DeepMind says reinforcement learning is ‘enough’ to reach general AI

Elevate your enterprise data technology and strategy at Transform 2021.


In their decades-long chase to create artificial intelligence, computer scientists have designed and developed all kinds of complicated mechanisms and technologies to replicate vision, language, reasoning, motor skills, and other abilities associated with intelligent life. While these efforts have resulted in AI systems that can efficiently solve specific problems in limited environments, they fall short of developing the kind of general intelligence seen in humans and animals.

In a new paper submitted to the peer-reviewed Artificial Intelligence journal, scientists at U.K.-based AI lab DeepMind argue that intelligence and its associated abilities will emerge not from formulating and solving complicated problems but by sticking to a simple but powerful principle: reward maximization.
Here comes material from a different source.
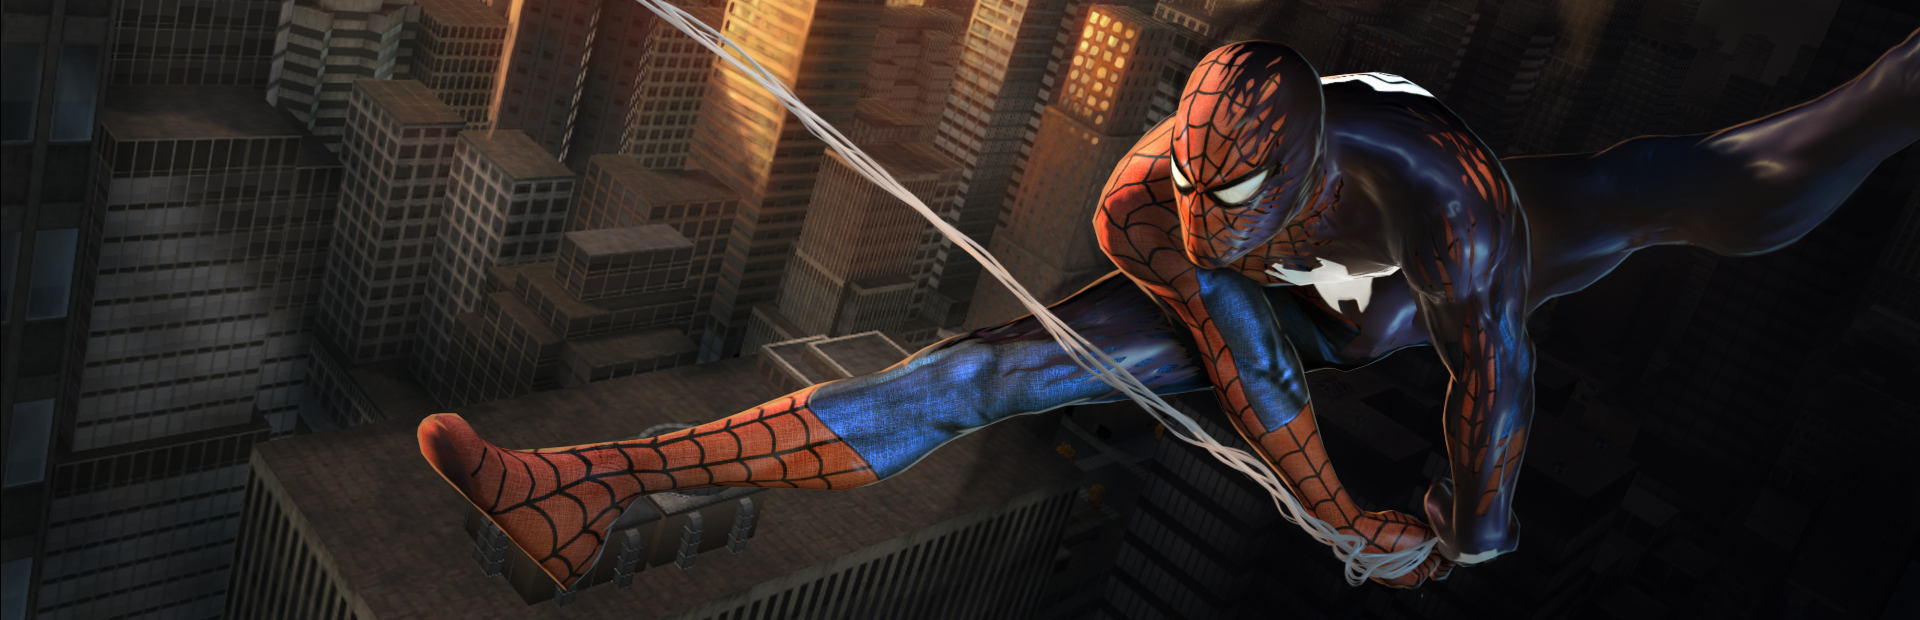 Spiderman Web Of Shadows + Ultimate Spiderman Pc Digital

Titled “Reward is Enough,” the paper, which is still in pre-proof as of this writing, draws inspiration from studying the evolution of natural intelligence as well as drawing lessons from recent achievements in artificial intelligence. The authors suggest that reward maximization and trial-and-error experience are enough to develop behavior that exhibits the kind of abilities associated with intelligence. And from this, they conclude that reinforcement learning, a branch of AI that is based on reward maximization, can lead to the development of artificial general intelligence.

Two paths for AI

One common method for creating AI is to try to replicate elements of intelligent behavior in computers. For instance, our understanding of the mammal vision system has given rise to all kinds of AI systems that can categorize images, locate objects in photos, define the boundaries between objects, and more. Likewise, our understanding of language has helped in the development of various natural language processing systems, such as question answering, text generation, and machine translation.

These are all instances of narrow artificial intelligence, systems that have been designed to perform specific tasks instead of having general problem-solving abilities. Some scientists believe that assembling multiple narrow AI modules will produce higher intelligent systems. For example, you can have a software system that coordinates between separate computer vision, voice processing, NLP, and motor control modules to solve complicated problems that require a multitude of skills.
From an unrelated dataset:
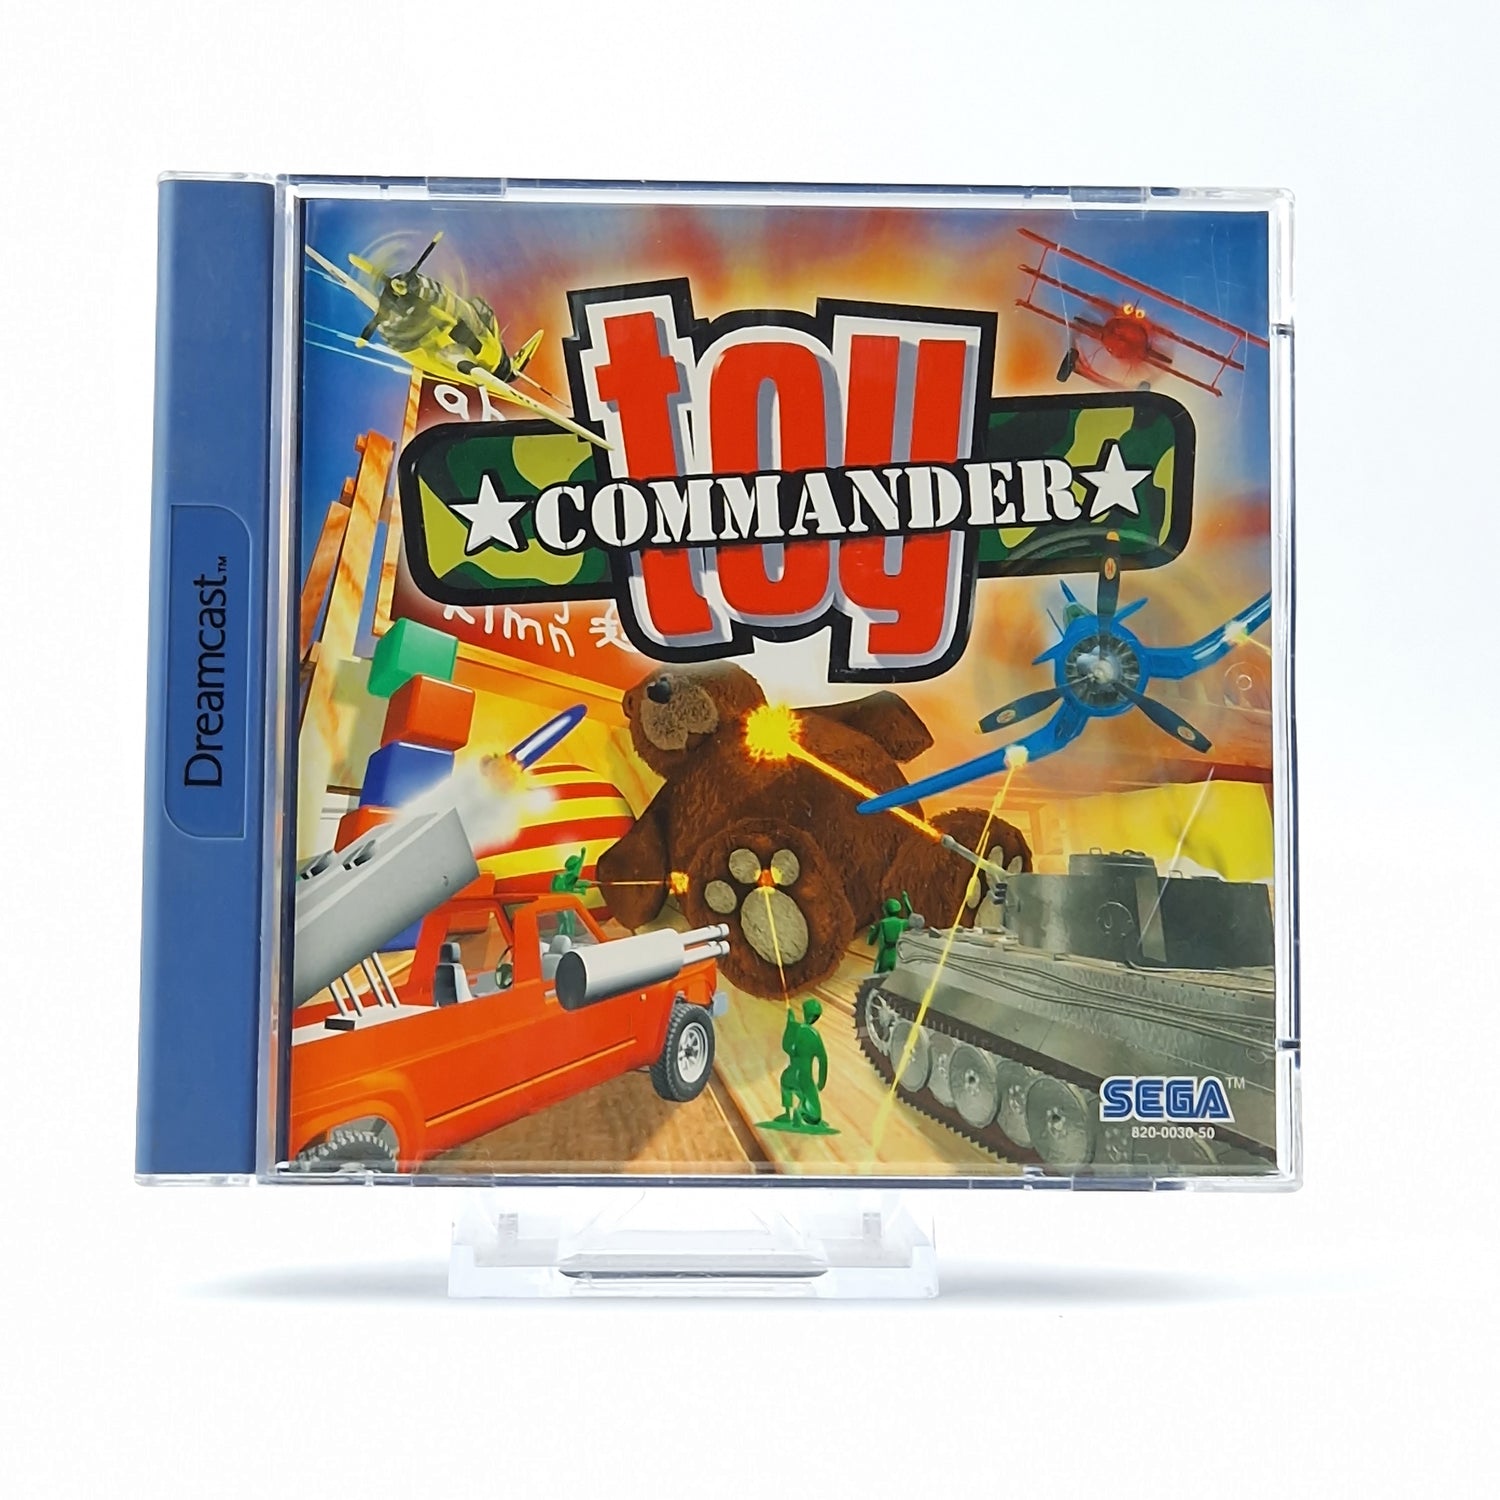 Sega Dreamcast game: Toy Commander - CD instructions OVP cib / DC PAL game

A different approach to creating AI, proposed by the DeepMind researchers, is to recreate the simple yet effective rule that has given rise to natural intelligence. “[We] consider an alternative hypothesis: that the generic objective of maximising reward is enough to drive behaviour that exhibits most if not all abilities that are studied in natural and artificial intelligence,” the researchers write.

This is basically how nature works. As far as science is concerned, there has been no top-down intelligent design in the complex organisms that we see around us. Billions of years of natural selection and random variation have filtered lifeforms for their fitness to survive and reproduce. Living beings that were better equipped to handle the challenges and situations in their environments managed to survive and reproduce. The rest were eliminated.

This simple yet efficient mechanism has led to the evolution of living beings with all kinds of skills and abilities to perceive, navigate, modify their environments, and communicate among themselves.

“The natural world faced by animals and humans, and presumably also the environments faced in the future by artificial agents, are inherently so complex that they require sophisticated abilities in order to succeed (for example, to survive) within those environments,” the researchers write. “Thus, success, as measured by maximising reward, demands a variety of abilities associated with intelligence. In such environments, any behaviour that maximises reward must necessarily exhibit those abilities. In this sense, the generic objective of reward maximization contains within it many or possibly even all the goals of intelligence.”

For example, consider a squirrel that seeks the reward of minimizing hunger. On the one hand, its sensory and motor skills help it locate and collect nuts when food is available. But a squirrel that can only find food is bound to die of hunger when food becomes scarce. This is why it also has planning skills and memory to cache the nuts and restore them in winter. And the squirrel has social skills and knowledge to ensure other animals don’t steal its nuts. If you zoom out, hunger minimization can be a subgoal of “staying alive,” which also requires skills such as detecting and hiding from dangerous animals, protecting oneself from environmental threats, and seeking better habitats with seasonal changes.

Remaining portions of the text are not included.